The expert witness for the prosecution was one Andrew Ager, who it emerged had attempted to dissuade the defence expert, Dr Marius Cristion Frunza (who holds a PhD from the Sorbonne) from giving evidence.  This is serious, but Mr Ager’s other failings included:

  1. Having no academic qualifications.  When asked about A-levels, he replied that he thought he had sat three subjects, but he couldn’t remember whether he had passed any.
  2. He said he kept abreast of the carbon credits market, but he had not read any of the books written by Dr Frunza although they were widely available.  He had though once watched a documentary on carbon credits!
  3. He admitted that several assertions he had made to Dr Frunza during a meeting of experts were untrue.
  4. He asserted – despite it being his clear duty under CPR – that it was not part of his duty to bring facts helpful to the defence to the attention of the court.
  5. He had no record of any of the material supplied to him by the police, or of any of his workings.
  6. He did admit that he had been supplied with some sensitive material by the police, but it had been damaged by a leak.  But not to worry; he asserted that matters were now in order, since he now kept sensitive material in a locked box on his balcony.

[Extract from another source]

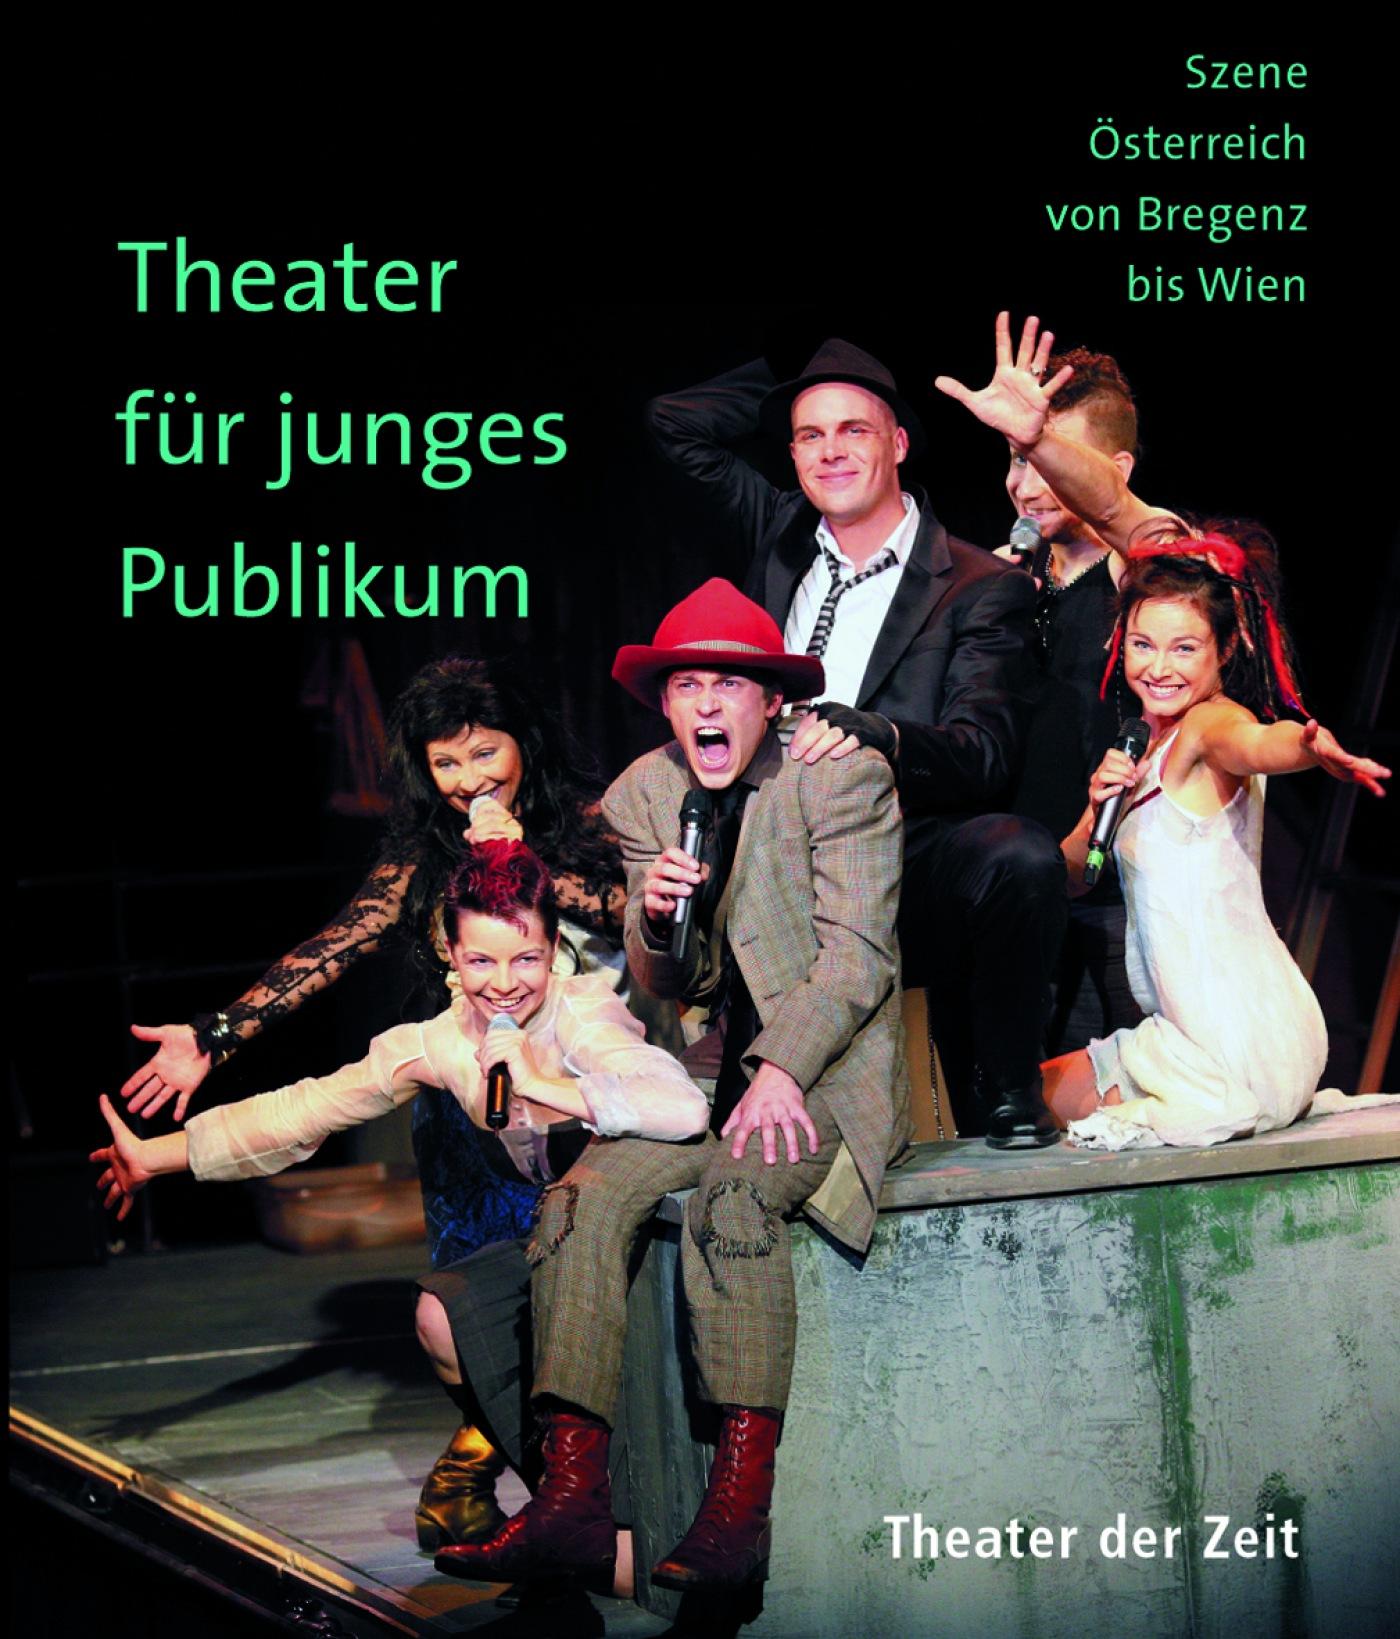 "Theater für junges Publikum"
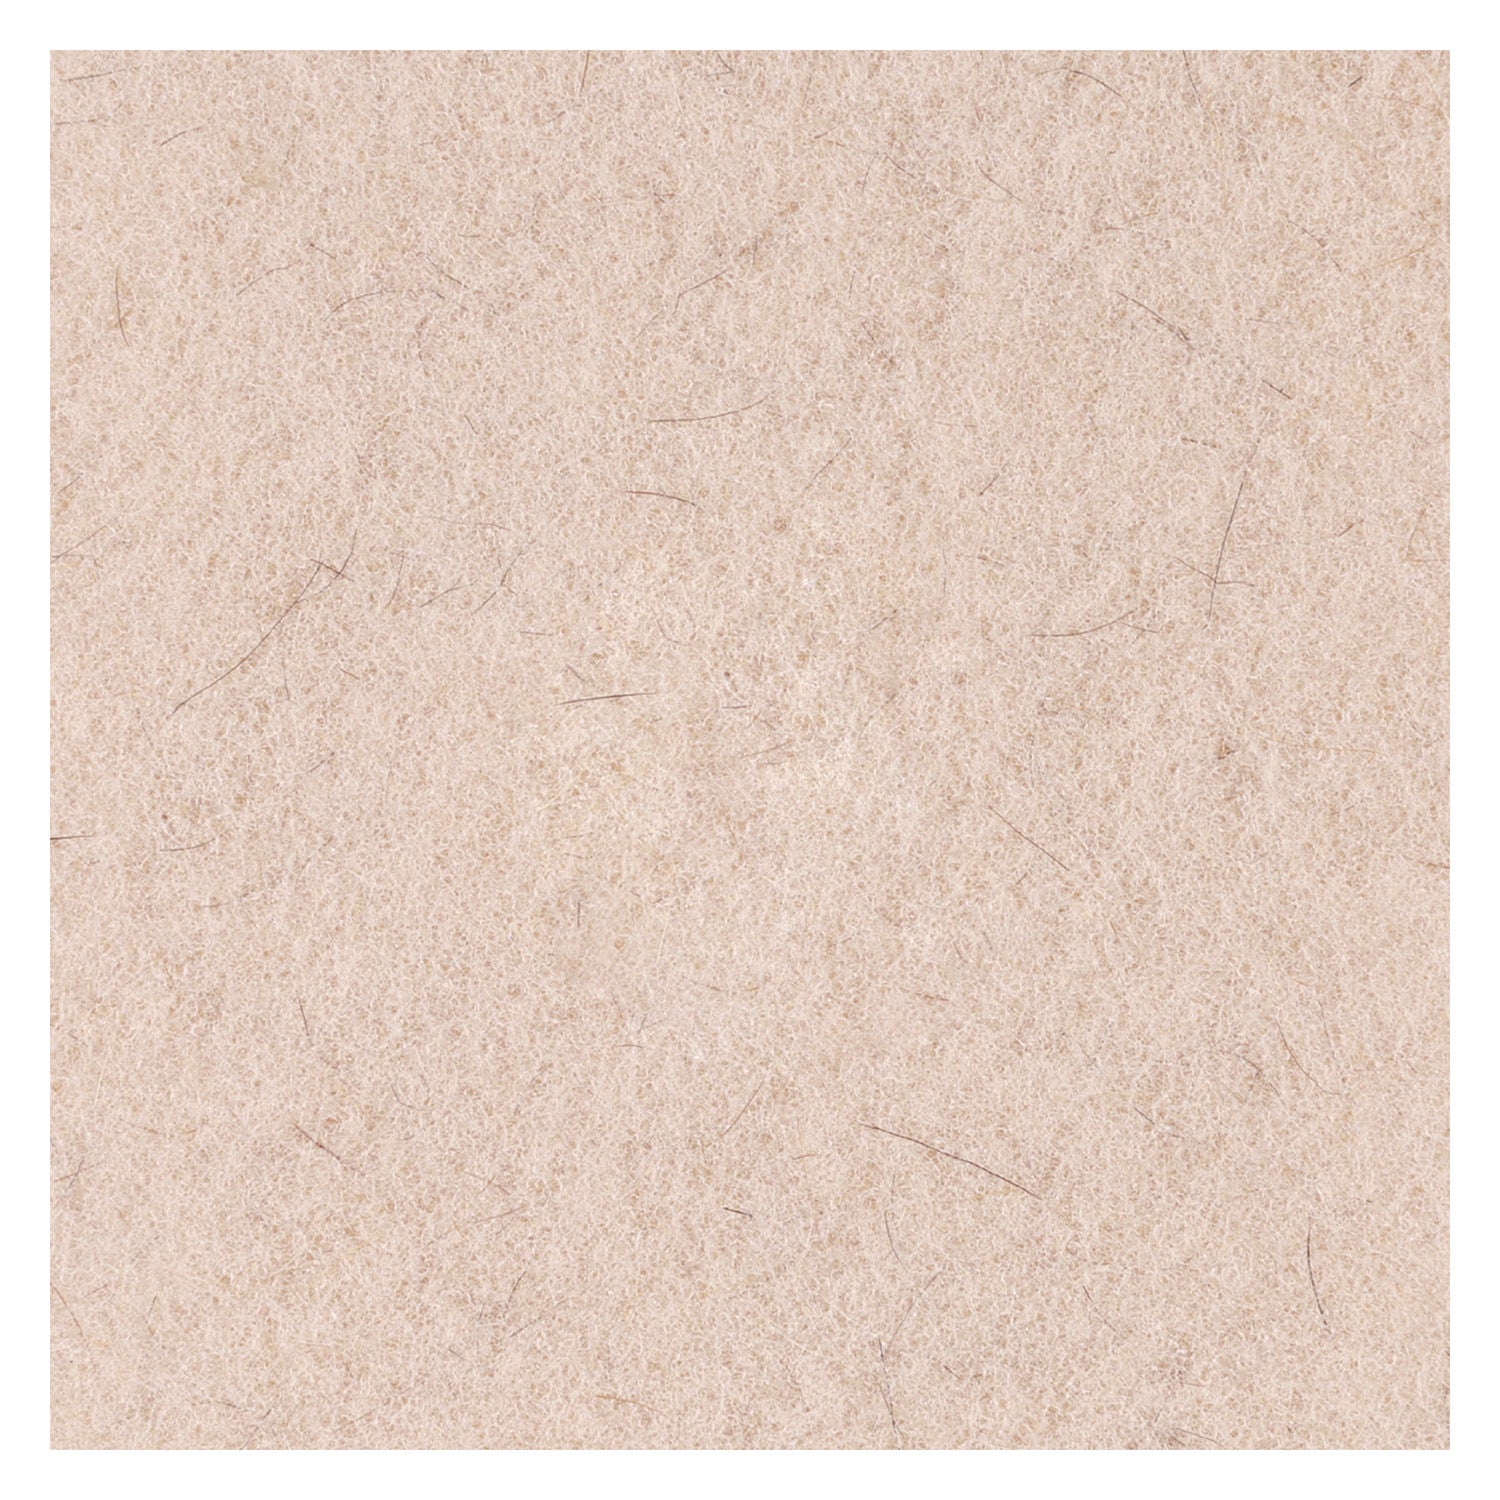 Natural Hog Hair Burnishing Floor Pads, 21" Diameter, Tan, 5/Carton - 6

The case collapsed, and the CPS said they would have to revisit 20 previous trials where Mr Ager had been their expert.  They wouldn’t be using him again.

Instructing solicitors to blame

Finally, I turn to a case where instructing solicitors were clearly to blame.

In Akebia Therapeutics Inc and Otsuka Pharmaceutical Co Ltd -v- Fibrogen Inc, Arnold LJ sat as a high court judge because of the shortage of judges able to hear such very complex cases concerning medical research.  And he was quite scathing of the instructing solicitors, stressing many times that it is the duty of the instructing solicitor, not just the expert, to know CPR 35 and the Practice Direction, and to ensure for example that the expert attaches their CV to their report (basic!), and that there is nothing in the published literature by an expert which contradicts the opinions they express in the present case.

This was indeed a highly complex case, and there was a shortage of experts in the field, many of whom would not be familiar with CPR and litigation generally.  But Arnold LJ made clear that it was the responsibility of instructing lawyers to get it right; that they need to know CPR 35 and PD35 just as thoroughly as their experts.

So what do we learn?  I suggest two things.  Choose your experts with great care, and make sure you instruct them properly.  The morals to be drawn from the examples above could not be clearer!